Por que o aquecedor do banheiro acaba quebrando (e como evitar isso)
Os banheiros são, basicamente, câmaras de tortura para os equipamentos eletrônicos. Pense nisso: num minuto está gelado, no minuto seguinte o ambiente fica cheio de vapor. É um ciclo cruel de flutuações de temperatura, e o ar está tão úmido que quase dá para “provar” essa umidade.
A maioria dos aquecedores não quebra porque o elemento de aquecimento simplesmente “desiste”. Geralmente, é a carcaça ou os fios elétricos que sofrem danos. O vapor e a umidade encontram todos os pontos fracos do equipamento, e é aí que começam os problemas.
Como isso acontece?
O vapor d’água é muito astuto. Ele encontra as menores fendas na carcaça e penetra lá dentro. Uma vez lá dentro, ele se acumula nos terminais elétricos e nos suportes do tubo de quartzo. Se o selo não for perfeito, ocorre oxidação – ou seja, o metal começa a se corroer.
Isso gera resistência. E resistência gera calor. Com o tempo, esse superaquecimento pode danificar os fios elétricos ou até mesmo causar um curto-circuito. Não é exatamente o que queremos quando saímos do chuveiro.
Para evitar isso, utilizamos testes de envelhecimento sob condições de alta umidade. Em vez de esperar anos para ver se o equipamento vai quebrar, colocamos-o em uma câmara com alta umidade e alternamos o funcionamento do equipamento. É como fazer com que o aquecedor passe por uma década de invernos em apenas algumas semanas. Isso faz com que todos os pequenos erros de fabricação venham à tona.
O desafio dos materiais
Usamos juntas especiais e carcaças revestidas para impedir que a água entre, mas há um problema: os materiais mudam de tamanho com o tempo. O tubo de quartzo fica extremamente quente, enquanto a carcaça externa permanece fria. Essa diferença de temperatura cria um efeito de “sugação”, que atrai o ar úmido para dentro dos circuitos internos.

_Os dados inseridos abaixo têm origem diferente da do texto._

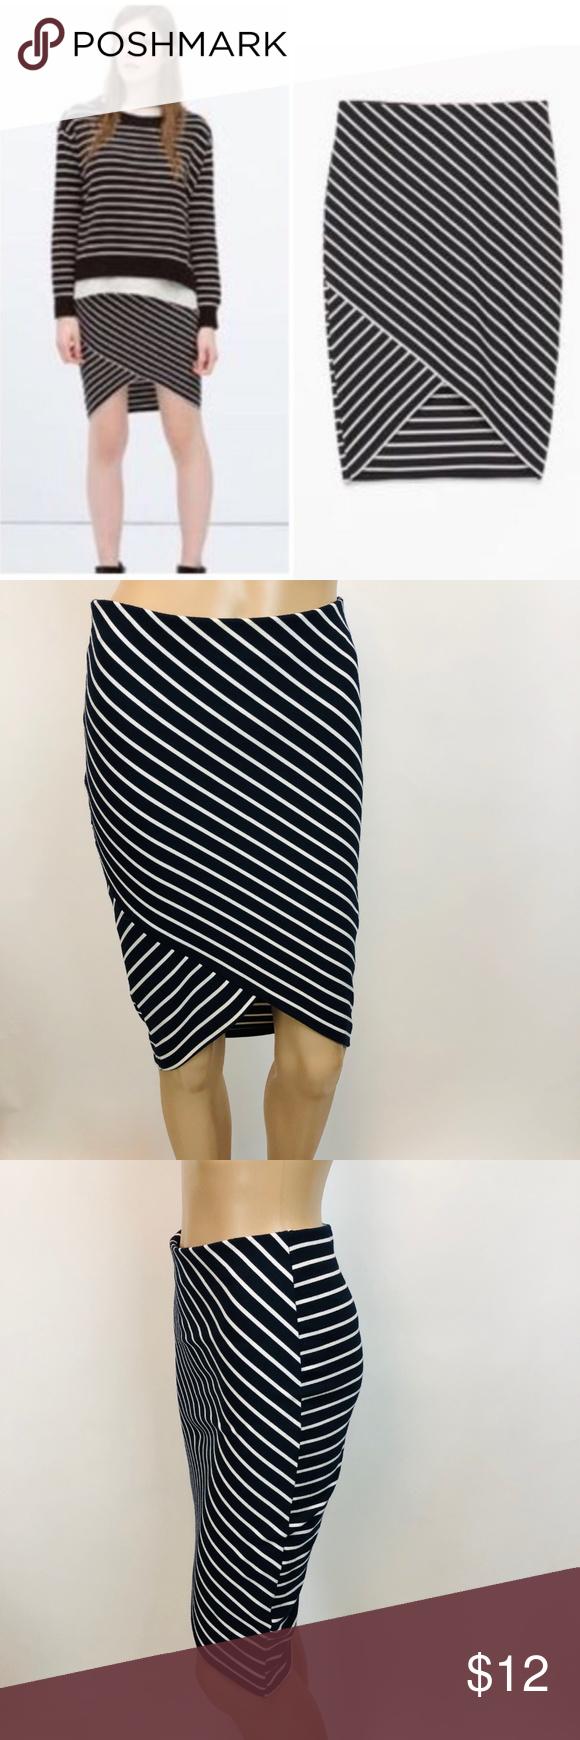 8a8b582007 Zara Trafaluc Striped Faux Wrap Pencil Skirt Womens Zara Trafaluc Size S  Striped Faux Wrap Pencil

Nossos testes garantem que os selos não encolham ou rachem diante dessa situação. Também prestamos atenção especial ao layout do PCB, garantindo que haja espaço suficiente entre os fios de alta tensão, para que a umidade não crie caminhos para que a eletricidade circule onde não deveria.
O problema difícil: respiração versus vedação
Poderíamos pensar que a solução é simplesmente vedar tudo hermeticamente. Mas, se fizermos isso, os componentes internos não conseguirão “respirar”. Eles vão se sobrecarregar com o próprio calor, e o dispositivo acabará quebrando.
É preciso encontrar um equilíbrio. Precisamos de um alto grau de proteção contra a umidade, mas também precisamos de mecanismos que permitam a saída do calor, sem deixar a água entrar.
Se você comprar um equipamento que não passou por esses testes, está, basicamente, arriscando. E, geralmente, o equipamento quebra já na primeira vez que enfrenta as condições climáticas adversas do inverno.